**INFORMATION PROVIDED**
* * * * * * *
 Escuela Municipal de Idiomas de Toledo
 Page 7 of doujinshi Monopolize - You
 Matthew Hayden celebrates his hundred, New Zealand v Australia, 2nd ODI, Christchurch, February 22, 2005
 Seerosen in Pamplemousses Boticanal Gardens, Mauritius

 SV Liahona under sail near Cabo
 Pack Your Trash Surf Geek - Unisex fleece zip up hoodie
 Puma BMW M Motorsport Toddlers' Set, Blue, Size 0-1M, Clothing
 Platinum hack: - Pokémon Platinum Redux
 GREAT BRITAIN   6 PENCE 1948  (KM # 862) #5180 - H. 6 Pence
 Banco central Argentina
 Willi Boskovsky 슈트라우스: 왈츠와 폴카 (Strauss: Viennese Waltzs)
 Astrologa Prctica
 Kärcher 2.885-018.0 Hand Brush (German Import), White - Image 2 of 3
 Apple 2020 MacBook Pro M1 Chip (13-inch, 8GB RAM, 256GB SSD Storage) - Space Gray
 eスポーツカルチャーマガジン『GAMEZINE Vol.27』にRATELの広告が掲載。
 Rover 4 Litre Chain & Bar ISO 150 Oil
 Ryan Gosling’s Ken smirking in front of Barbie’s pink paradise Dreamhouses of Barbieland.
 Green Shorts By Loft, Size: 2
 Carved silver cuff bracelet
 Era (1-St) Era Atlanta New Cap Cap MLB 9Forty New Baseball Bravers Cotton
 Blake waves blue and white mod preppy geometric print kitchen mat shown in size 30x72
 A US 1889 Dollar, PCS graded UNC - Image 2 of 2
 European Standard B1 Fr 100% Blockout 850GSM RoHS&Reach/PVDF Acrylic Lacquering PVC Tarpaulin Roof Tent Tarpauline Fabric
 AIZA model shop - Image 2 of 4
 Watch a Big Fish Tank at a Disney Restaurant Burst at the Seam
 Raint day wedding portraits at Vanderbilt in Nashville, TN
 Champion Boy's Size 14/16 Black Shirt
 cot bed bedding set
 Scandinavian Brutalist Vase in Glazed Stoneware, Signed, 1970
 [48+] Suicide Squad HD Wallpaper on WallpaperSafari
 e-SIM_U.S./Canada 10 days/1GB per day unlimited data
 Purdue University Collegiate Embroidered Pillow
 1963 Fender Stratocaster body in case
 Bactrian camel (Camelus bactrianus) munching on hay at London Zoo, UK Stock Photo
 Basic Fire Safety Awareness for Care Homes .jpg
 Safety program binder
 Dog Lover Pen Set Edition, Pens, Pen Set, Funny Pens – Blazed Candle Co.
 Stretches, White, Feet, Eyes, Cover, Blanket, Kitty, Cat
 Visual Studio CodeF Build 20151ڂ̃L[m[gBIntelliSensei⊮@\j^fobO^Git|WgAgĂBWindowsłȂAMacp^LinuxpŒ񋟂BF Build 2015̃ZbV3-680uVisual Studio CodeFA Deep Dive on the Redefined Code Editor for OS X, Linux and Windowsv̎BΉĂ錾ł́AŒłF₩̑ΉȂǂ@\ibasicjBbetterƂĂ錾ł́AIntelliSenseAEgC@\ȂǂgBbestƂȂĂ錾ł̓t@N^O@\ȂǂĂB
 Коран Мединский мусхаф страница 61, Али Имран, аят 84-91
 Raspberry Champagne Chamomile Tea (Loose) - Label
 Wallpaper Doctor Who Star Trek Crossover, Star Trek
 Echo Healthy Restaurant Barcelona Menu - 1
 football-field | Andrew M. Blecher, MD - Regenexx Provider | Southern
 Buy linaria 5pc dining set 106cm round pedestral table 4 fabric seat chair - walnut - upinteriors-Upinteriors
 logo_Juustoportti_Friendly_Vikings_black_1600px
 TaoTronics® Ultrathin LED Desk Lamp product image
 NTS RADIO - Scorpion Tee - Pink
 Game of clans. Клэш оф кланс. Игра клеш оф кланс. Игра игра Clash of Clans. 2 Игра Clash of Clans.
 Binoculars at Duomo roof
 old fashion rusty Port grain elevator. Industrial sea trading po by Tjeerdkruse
* * * * * * *
**TASK PROMPT**
Examine each line of the records above and tally those with the string "Wallpaper". State the total alone.

**EXERCISE RESPONSE**
2